Can meetings be more productive?
The BBC’s Sean Coughlan wrote a piece entitled “Pointless work meetings really a form of therapy” and it struck a chord. I shared that out on Friday, November 15, 2019.
It’s a short press summary of what Patrik Hall co-authored in a book. The press doesn’t say what that book is. So I wrote Patrik. The book is called Mötesboken : tolkningar av arbetslivets sammanträden och rosévinsmingel.
His co-author, Malin Akerstrom, wrote a related paper – The Merry Go Round of Meetings: Embracing Meetings in a Swedish Youth Care Project. It is worth a read.
I have a few thoughts.
There are (at least) two forms of technology: physical technology and social technology. Physical technology includes physical things – stone working, the spear, the bow and arrow, movable print, the diesel engine, the semiconductor and so on. Social technology includes all the social things – language, the story, codified laws, and how to organize a meeting.
Because it stands to reason that technologies can be improved, and the meeting is social technology, then meetings can be made to be more productive.
One social technology is the ORID framework. It’s a group facilitation method taught by the ICA Associates. These phases are Objective, Reflective, Interpretative, and Decision. You can’t through to a Decision without stepping through the other preceding phases.
There are some meetings that get hooked on the Reflective portion and they don’t ever seem to get out of it. It’s a phase that focuses on enabling the expression of thoughts and feelings about the Objective facts that were placed on the table for all to see.
People are people, and the Reflective portion of a meeting exists for a reason. That reason is that people find it difficult to get to the analytical portion without first processing through the emotional bits.

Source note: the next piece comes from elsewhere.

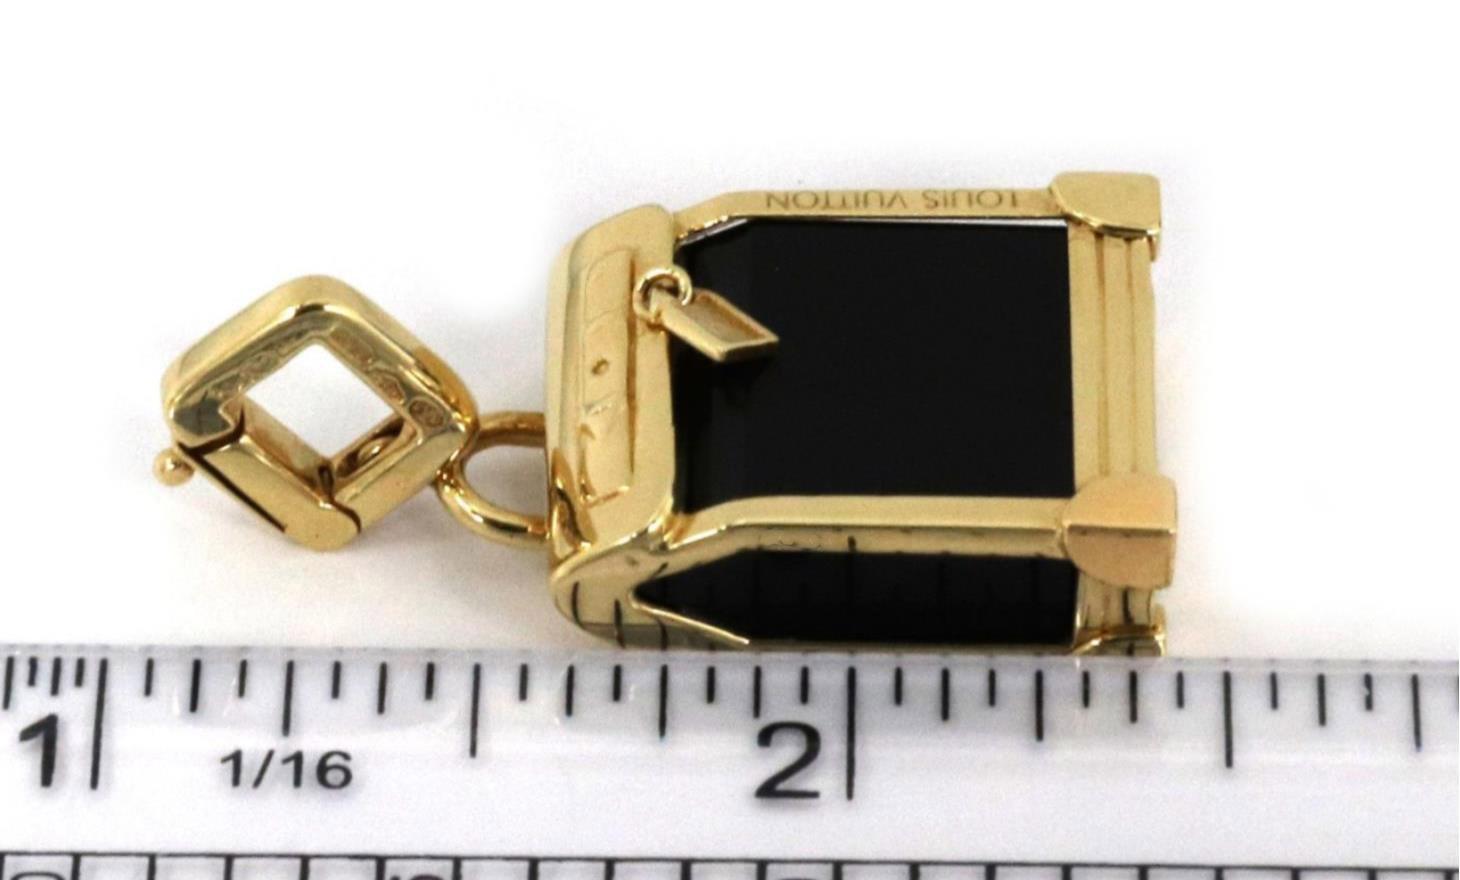 Louis Vuitton Steamer Bag 18k Yellow Gold Onyx Charm Pendant In Excellent Condition For Sale In Boca Raton, FL

It may be that it takes just as much time as it takes to become unblocked or unstuck as it takes to process data, imagine alternatives, weigh them, integrate those choices, make a decision, agree on a communication plan for that decision, and resolve next steps.
Throughout this past week, I thought of the Reflective portion of the meeting as a risk to be managed, or a tax to be paid, or something that must be endured to be able to progress.
What if it isn’t though?
What if it’s an opportunity for something greater?

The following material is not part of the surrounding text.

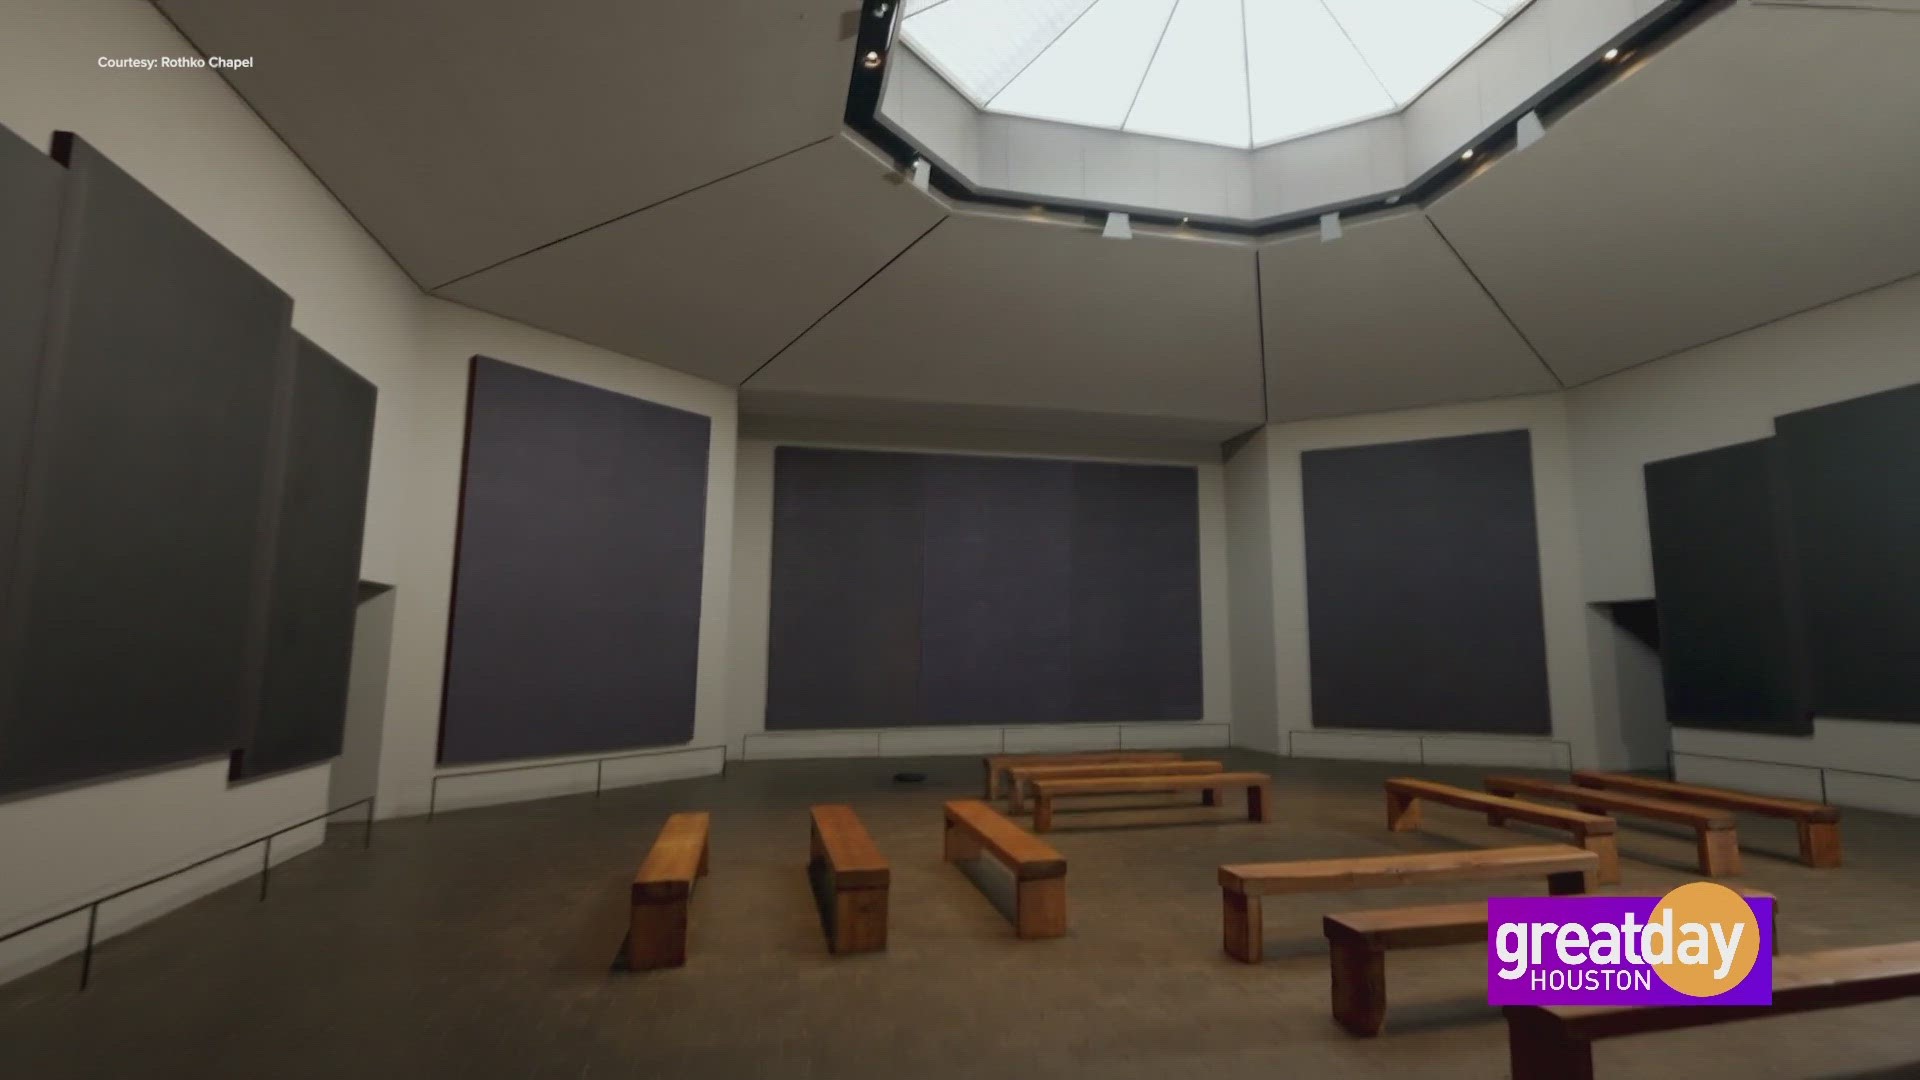 The Rothko Chapel showcases the intersection of art and spirituality.

A Four Stance Segmentation
I asked for feedback about all of this. I got far more private messages than public statements. Thank you.
I’ve summarized them to preserve anonymity.

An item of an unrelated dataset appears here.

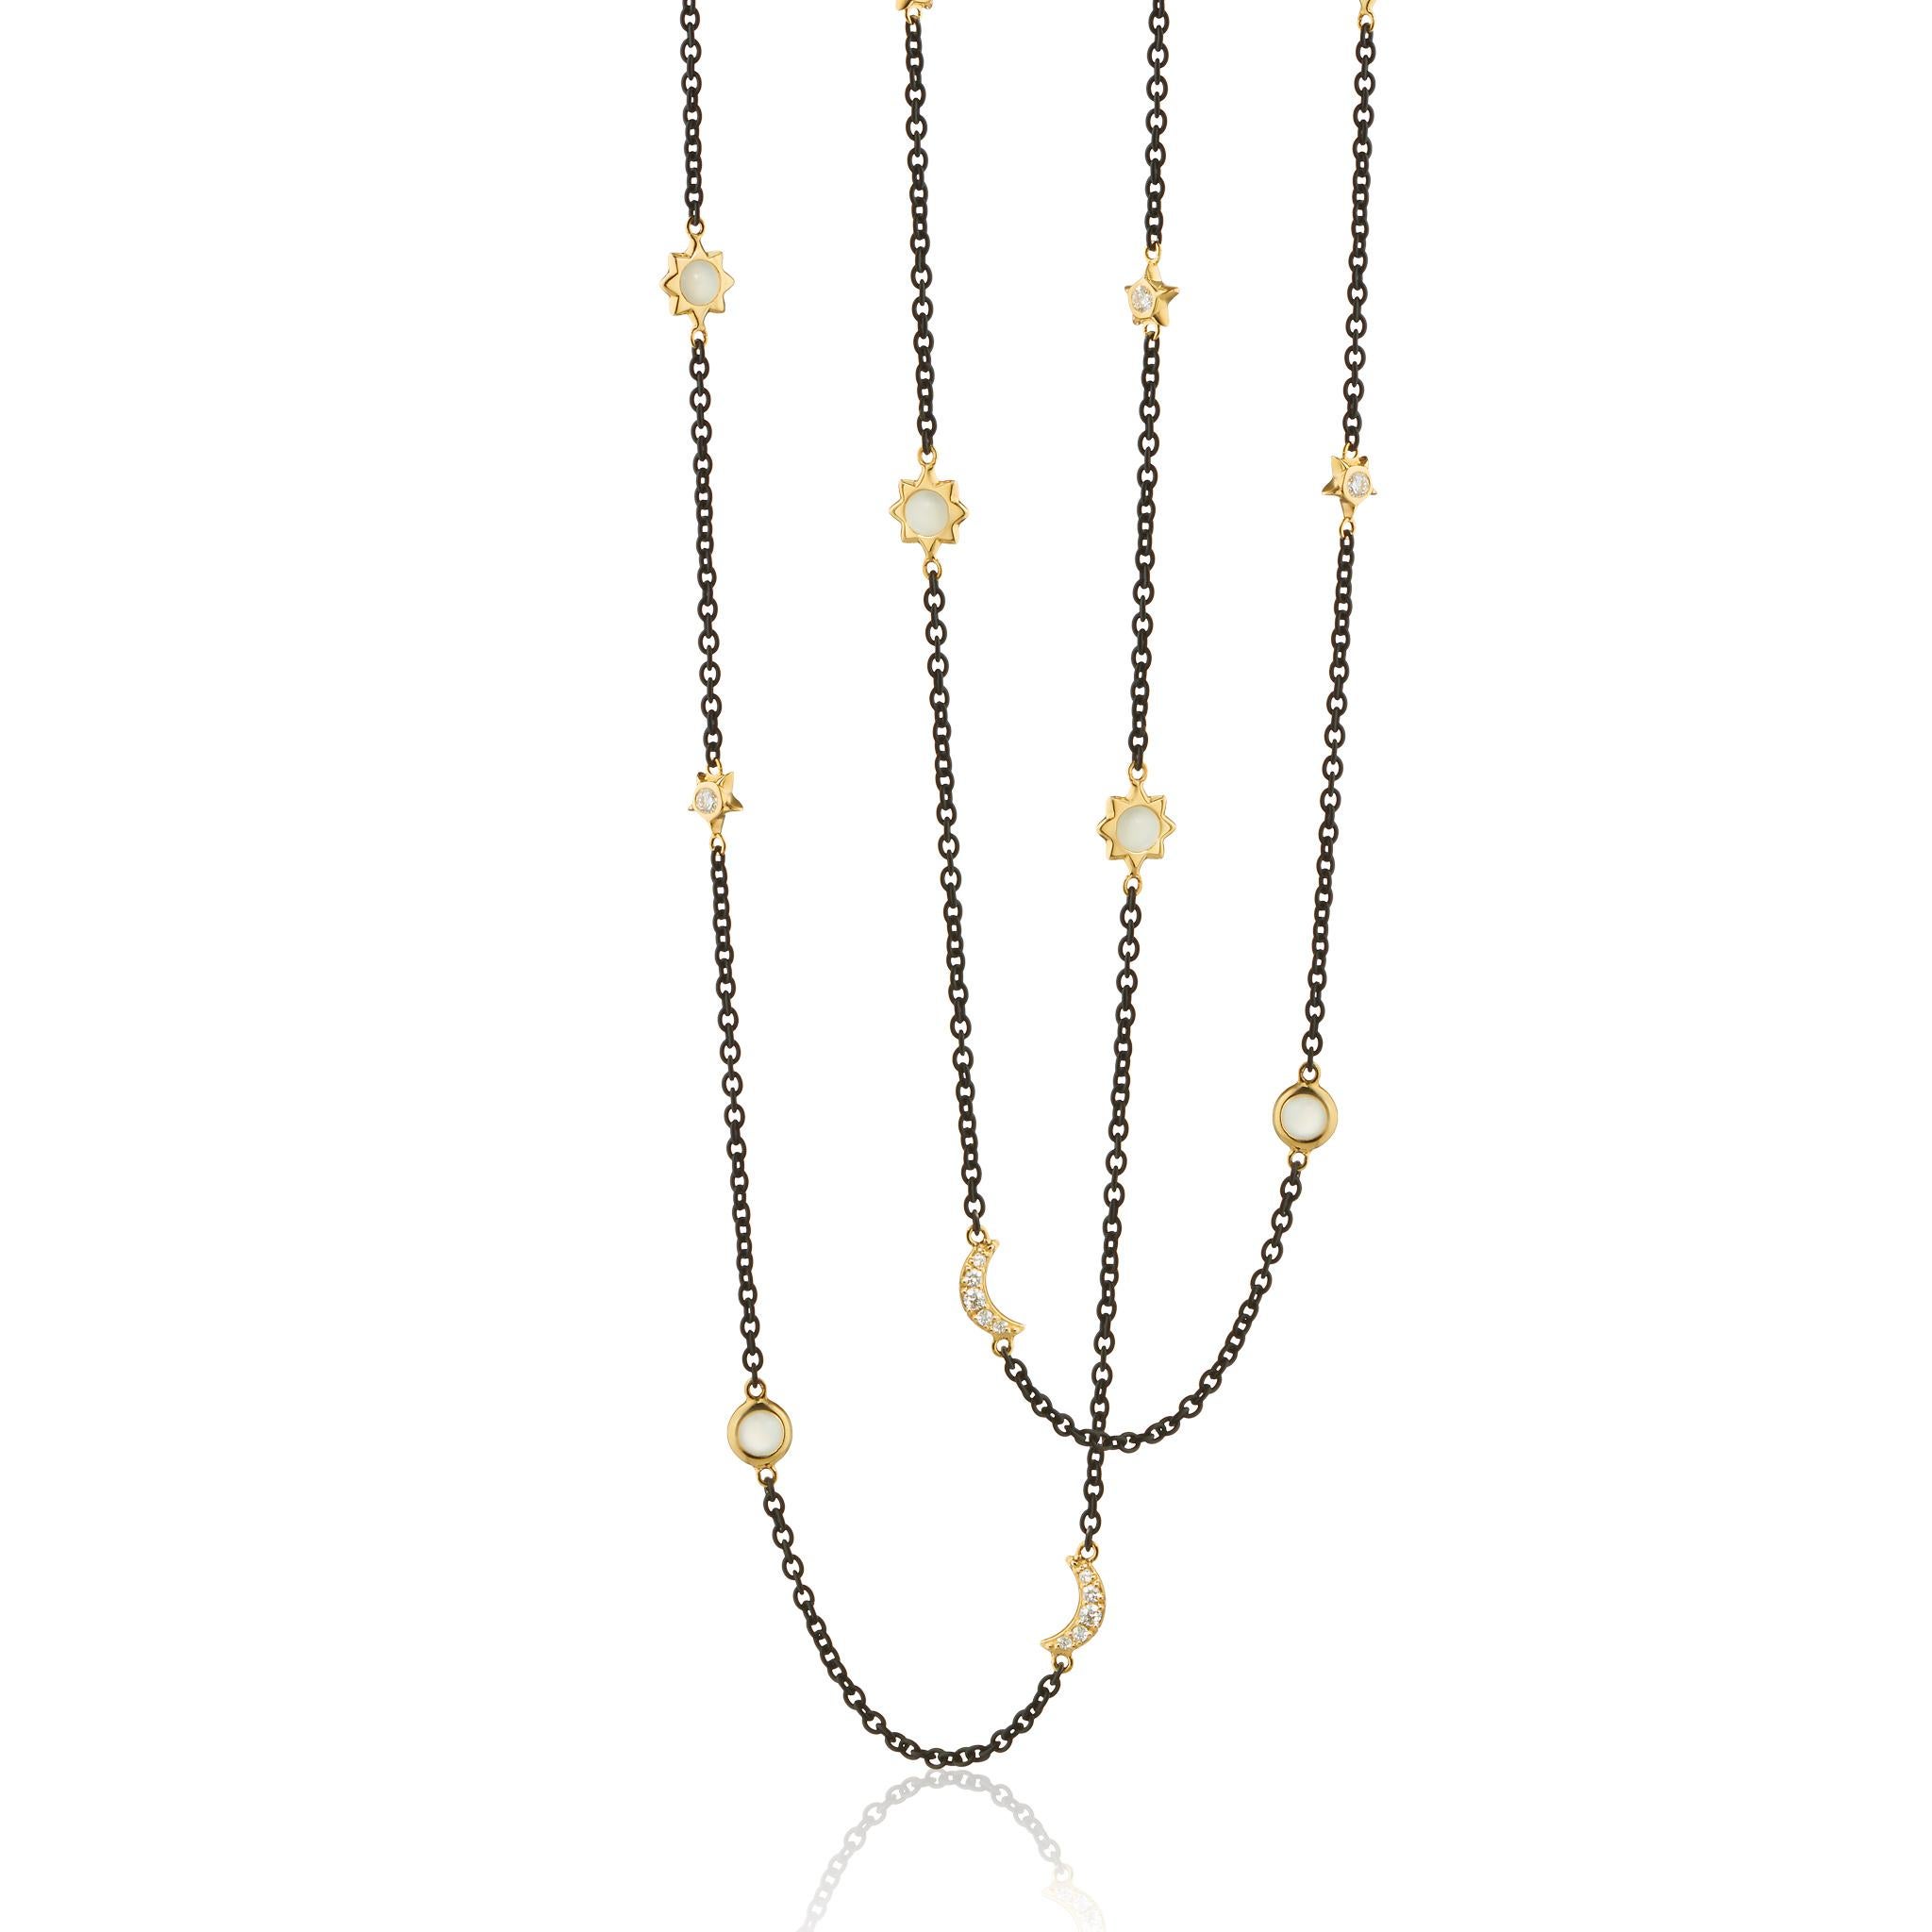 From the Sun, Moon and Stars Collection, this black steel chain necklace inspires the mystical quality of space by featuring (5) each of the following accents in 18K yellow gold - diamond moons, bezel set moonstone suns and bezel set diamond stars.

Some people emphasized the need for efficiency. Time is precious and sometimes people just need to get on with it.
Others said that the most creative solutions emerged only when there was a high amount of safety, and, it frequently took a long time to get to that point. It takes time.
Others felt that most communication could be better channeled through slack or email.
I looked for patterns – among those I know to be divergent thinkers, those who are convergent thinkers, those who are connectors, and those who are executors. And I found a few.
Those I know to be executors, who just want to get on with it, preferred very short meetings.
Those I know to be divergent dreamers preferred long meetings.
Those I know to be convergent preferred shorter meetings.
Those I know to be connectors didn’t share much.
It occurred to me that it wasn’t just about the mechanical facilitation of the meeting, the reliability of the machinery that produces decisions of consistent quality, but rather, it’s in the configuration of the people involved that matters tremendously.
Executors are unlikely to value the Reflective phase. Facts are facts. Facts don’t care how you feel about them. And expressing feelings about facts doesn’t change them. Let’s go already.
Divergent dreamers, the kind that will carry on imagining increasingly unweighted ideas endlessly, would value the Reflective phase because there is a lot of material there.
Convergers often understand what the divergent dreamers are saying, and will make rapid assessment-declarative statement pairs. It’s not uncommon to hear an acknowledgement of how we’re all feeling about the volume of meetings we’re all engaged in, but we all still have to talk to one another.
Connectors may be able to draw lines between how different people feel about facts and the implications for which ideas are likely to be receive more attention against others. Connectors may also be best positioned to watch how facts change on the basis that people feel differently about them.
In addition to the therapeutic benefits of the Reflective portion of the meeting, there may be a large volume of information that can be gathered and processed during that phase.
Certain types of people take longer to move through different meeting phases than others. Some like to invest in enumeration and exploration. Some like to invest in comparing and weighing alternatives. What if in order to get to the best output, people have to be able to get to their best state?
Each phase, Objective, Reflective, and Interpretive must come to an end for a Decision or resolution to be shipped. It may very well be that the ability of people to change their stances and perspectives through each phase may be instrumental in realizing the most productive outcomes.